Retinoblastoma (RB) is the most common intraocular cancer and is associated with lifelong risks of developing a second primary cancer, especially in patients with hereditary RB and/or childhood exposure to radiotherapy.
The study included all consecutive patients with a history of RB treated for a second primary cancer during 1994–2018. Patient demographics and characteristics of the primary RB and second primary cancer were examined. The associations among radiation or chemotherapy exposure as a treatment for RB, unilateral versus bilateral status, types and multiplicity of second primary cancers, and survival after diagnosis of second primary cancer were analyzed.
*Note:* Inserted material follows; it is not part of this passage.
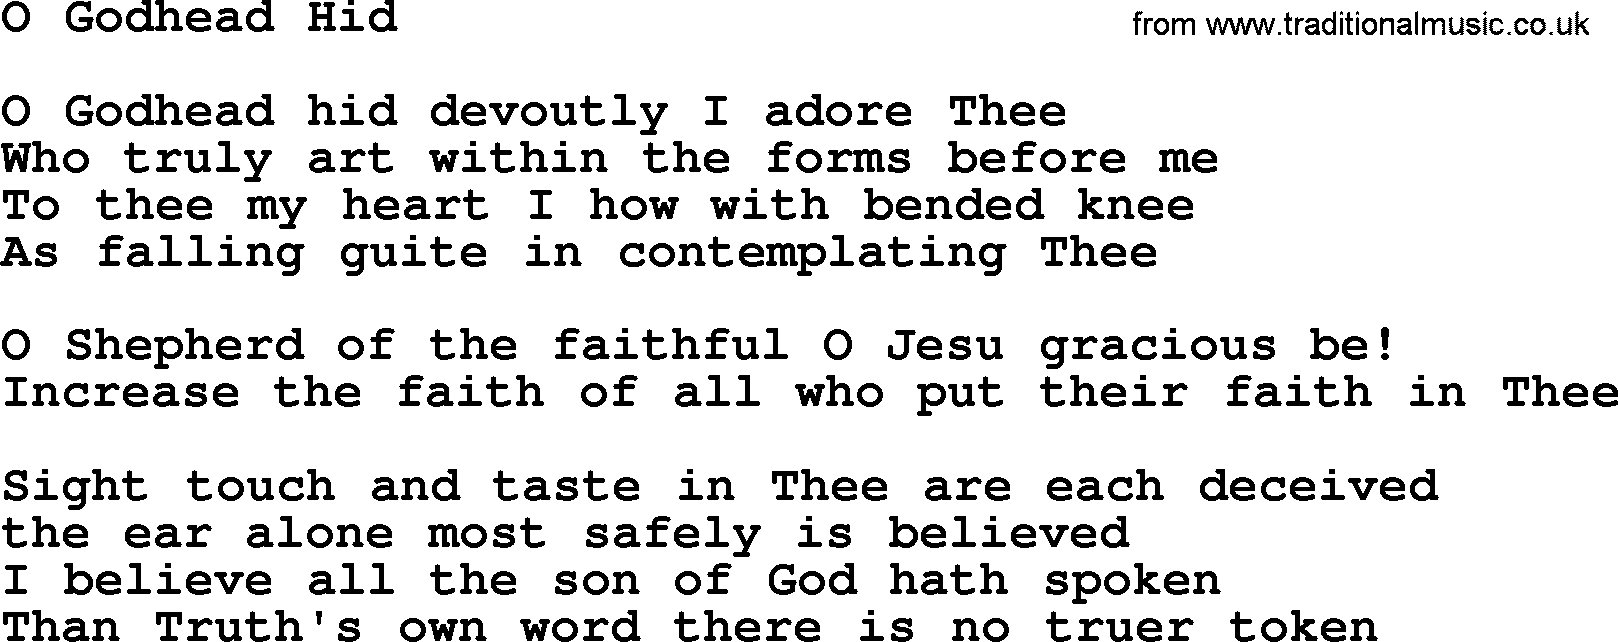 Catholic Hymn: O Godhead Hid lyrics with PDF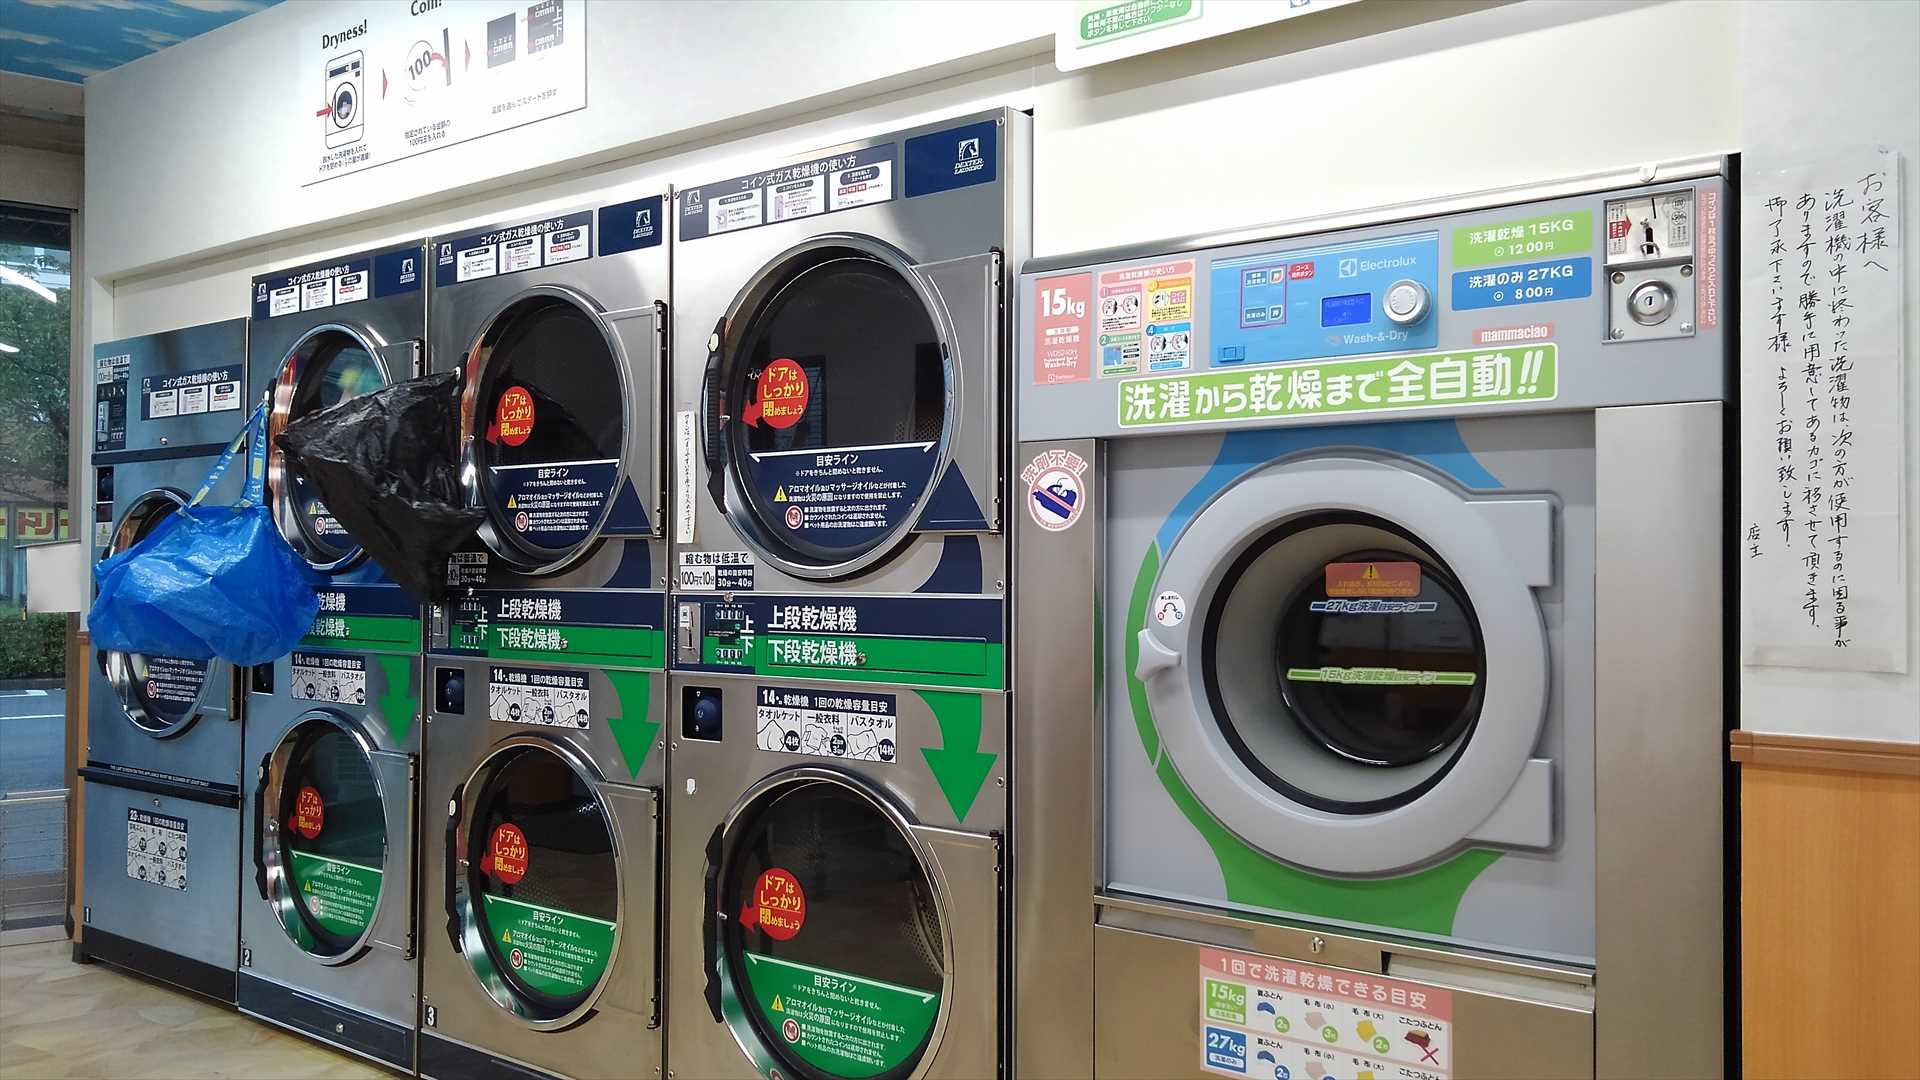 「大型コインランドリーマンマチャオ桜新町店」(東京都世田谷区)のエレクトロラックス製洗濯乾燥機

A wide spectrum of second primary cancer types was identified from 62 eligible patients (30 males and 32 females), including sarcoma, breast cancer, various skin cancers, gastrointestinal and genitourinary cancers, and endocrine cancers. Of all patients who had second primary cancers, 40 patients (65%) had bilateral RB and 17 patients (27%) had unilateral RB. Thirty-five patients (56%) who developed second primary cancers received radiation therapy during childhood as the treatment of RB, and 17 patients (27%) received chemotherapy for the treatment of RB. The 5-year and 10-year survival rates for RB patients diagnosed with a second primary cancer were 54.0% and 36.0%, respectively. The median age of onset of second primary cancer among RB survivors was 36.6 years.
In contrast to previous studies, we found a broader spectrum of second primary cancer types. All RB survivors, regardless of unilateral or bilateral status, should undergo strict cancer surveillance particularly as they approach the fourth decade of life.